Roy released a relieved breath and let his head roll back as if he’d been spared unspeakable torture. “You should warn me before you do that.”
I rolled my eyes. “Hey, you’re the one who materialized touching me. Not my fault.”
Once upon a time, when the highlight of any week in academy was a visit from Death in which he let me experiment with making objects tangible to him, I’d actually had to focus to accomplish things like letting him interact with a mug of coffee. Not anymore. Now if I had physical contact with something, anyone—or any being—touching me could interact with the item as well. Alex Craft, the nexus at which realties converge—lucky me.
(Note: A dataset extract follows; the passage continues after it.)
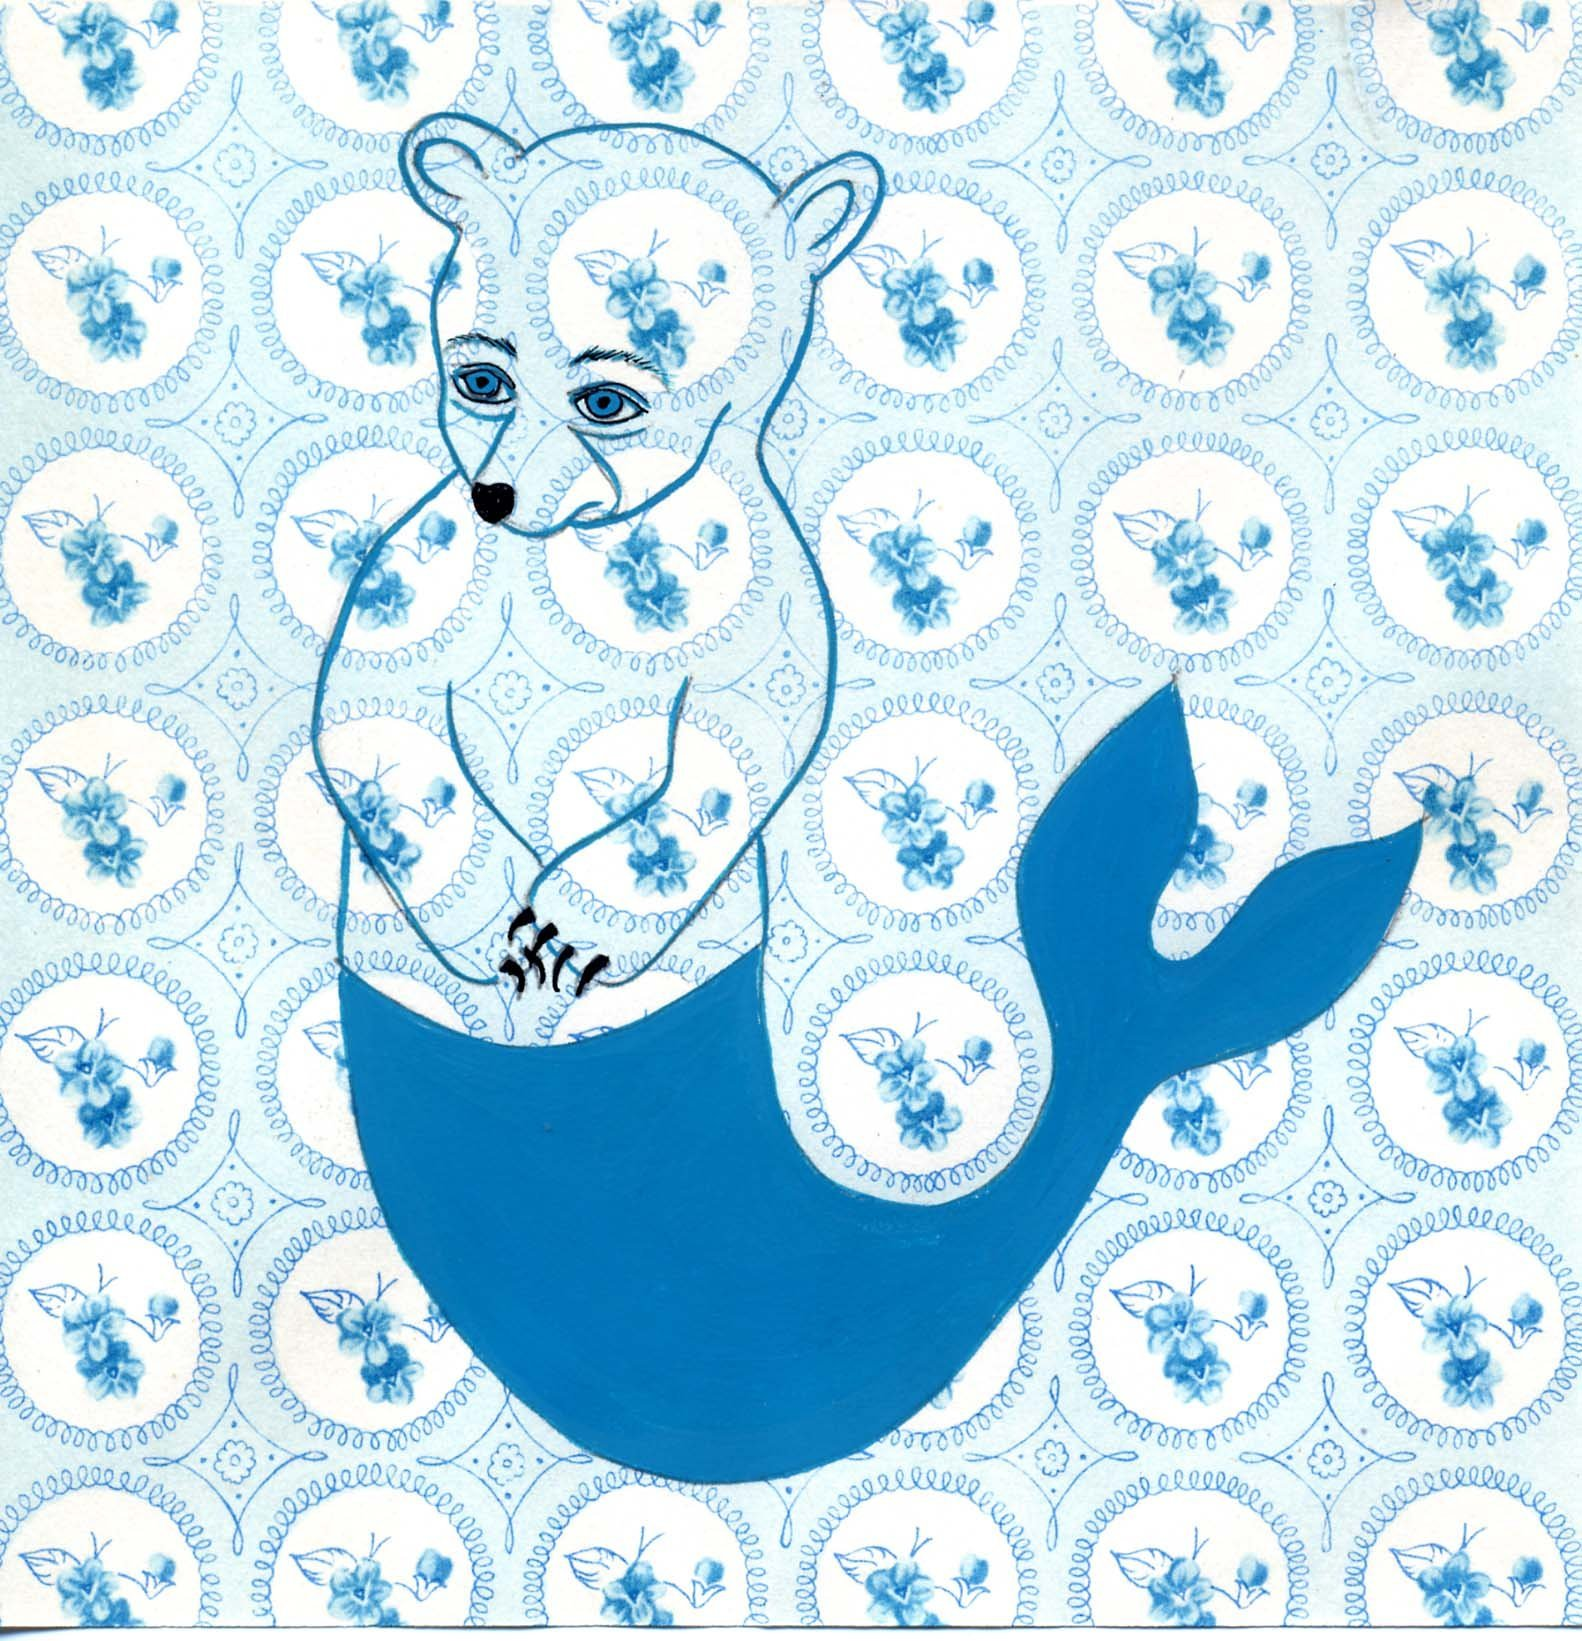 Mer-bear (2008)

“So, anything?” I asked Roy again.
“Huh? Oh, yeah. Bad news. Bell has private security and barricades. He’s not letting anyone but his inner circle near the rift.”
“Damn.”
“What’s wrong, Alex? Damn what?” Tamara asked as the car crawled off the bridge. Traffic had improved marginally in that Tamara no longer had to sit on the brake, but she wasn’t using any gas either. I related what Roy had told me and Tamara clicked her tongue. “I swear, if I rolled out of bed just to stand three hundred yards from that tear, I’m going to be pissed.”
She wasn’t the only one.
The taillights in front of us flashed red, and Tamara sighed. To our right, blue lights strobed in the dark, illuminating the crowd milling outside a tall chain-link gate. News vans hugged the perimeter, shining bright spotlights at the gate, but Roy was right: no one was being permitted inside.
“Roy, can you go out for another look? Also can you try to find out what Bell and his people plan to do with the tear?”
“Nope. I’ve done my brave deeds for the night. That reaper was still out there the last time I checked.” He crossed his arms over his incorporeal chest. “I’m staying with you. Unless the reaper comes over here. Then, I guess, I’ll go hang out at my grave, or something. As far as Bell is concerned, when I was out there a few minutes ago he and his followers were huddling around that rift.”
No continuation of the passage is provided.